Python 2.x(>=2.6) is required.
bc is required to generate the HiBench report.
Supported Hadoop version: Apache Hadoop 2.x, CDH5.x, HDP
Supported Spark version: 1.6.x, 2.0.x, 2.1.x, 2.2.x
Build HiBench according to build HiBench.
Start HDFS, Yarn, Spark in the cluster.

2. Configure `hadoop.conf`

Hadoop is used to generate the input data of the workloads. Create and edit conf/hadoop.conf：

cp conf/hadoop.conf.template conf/hadoop.conf

Property	Meaning
hibench.hadoop.home	The Hadoop installation location
hibench.hadoop.executable	The path of hadoop executable.

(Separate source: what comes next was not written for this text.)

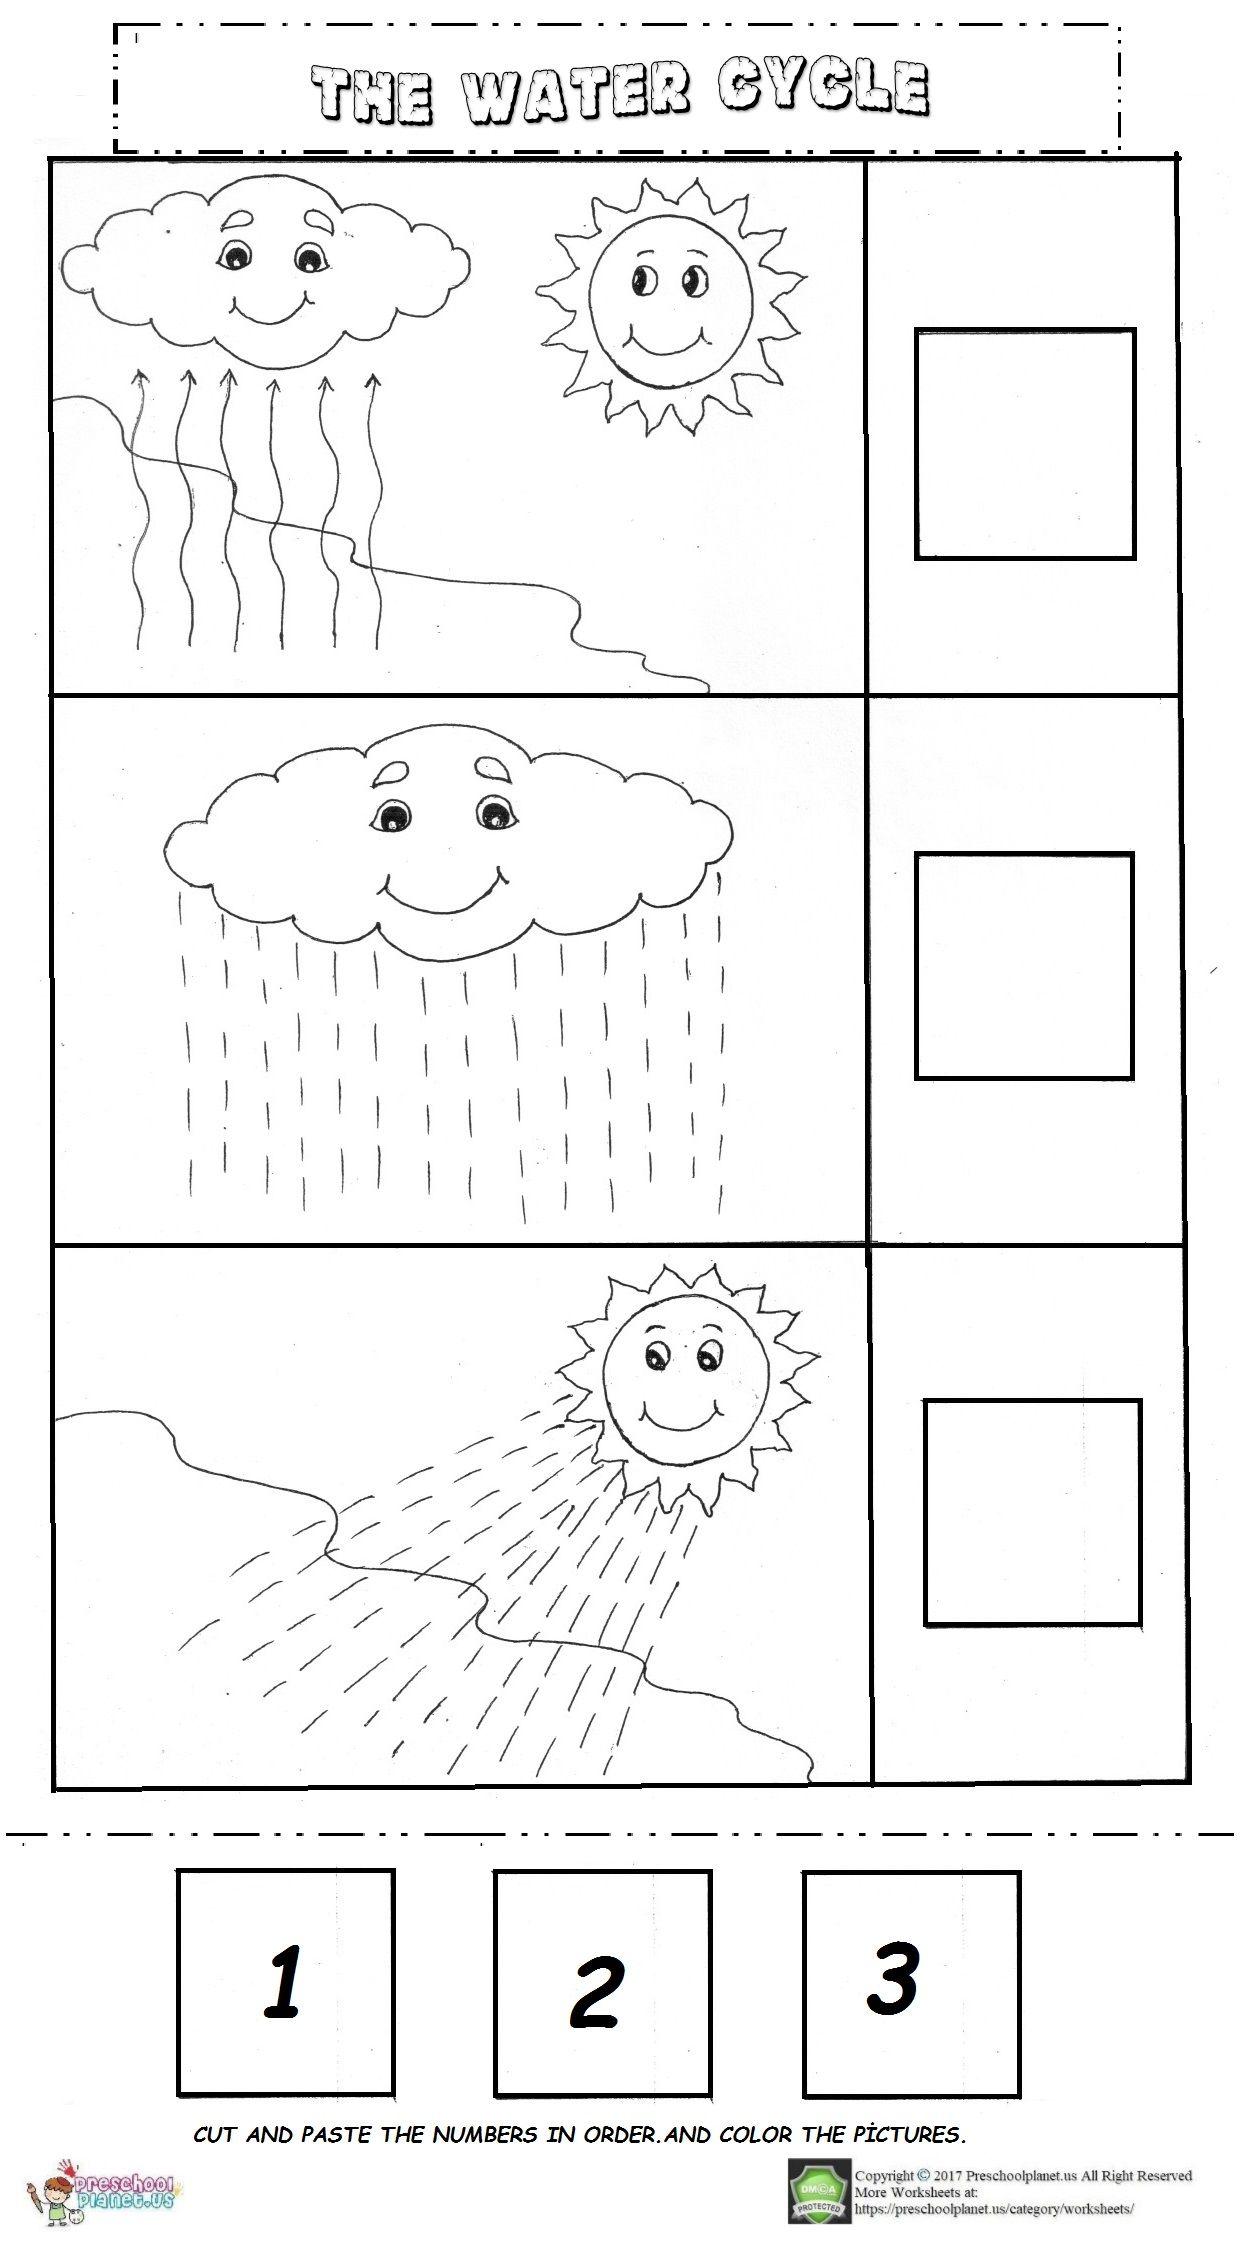 The water cycle worksheet | Worksheet for kids | Water cycle ...

For Apache Hadoop, it is /YOUR/HADOOP/HOME/bin/hadoop
hibench.hadoop.configure.dir	Hadoop configuration directory. For Apache Hadoop, it is /YOUR/HADOOP/HOME/etc/hadoop
hibench.hdfs.master	The root HDFS path to store HiBench data, i.e. hdfs://localhost:8020/user/username
hibench.hadoop.release	Hadoop release provider. Supported value: apache, cdh5, hdp

Note: For CDH and HDP users, please update hibench.hadoop.executable, hibench.hadoop.configure.dir and hibench.hadoop.release properly. The default value is for Apache release.

3. Configure `spark.conf`

Create and edit conf/spark.conf：

cp conf/spark.conf.template conf/spark.conf

Set the below properties properly:

hibench.spark.home            The Spark installation location
hibench.spark.master          The Spark master, i.e. `spark://xxx:7077`, `yarn-client`

4. Run a workload

To run a single workload i.e. wordcount.

 bin/workloads/micro/wordcount/prepare/prepare.sh
 bin/workloads/micro/wordcount/spark/run.sh

The prepare.sh launches a Hadoop job to generate the input data on HDFS. The run.sh submits the Spark job to the cluster. bin/run_all.sh can be used to run all workloads listed in conf/benchmarks.lst.

5. View the report

The <HiBench_Root>/report/hibench.report is a summarized workload report, including workload name, execution duration, data size, throughput per cluster, throughput per node.

The report directory also includes further information for debugging and tuning.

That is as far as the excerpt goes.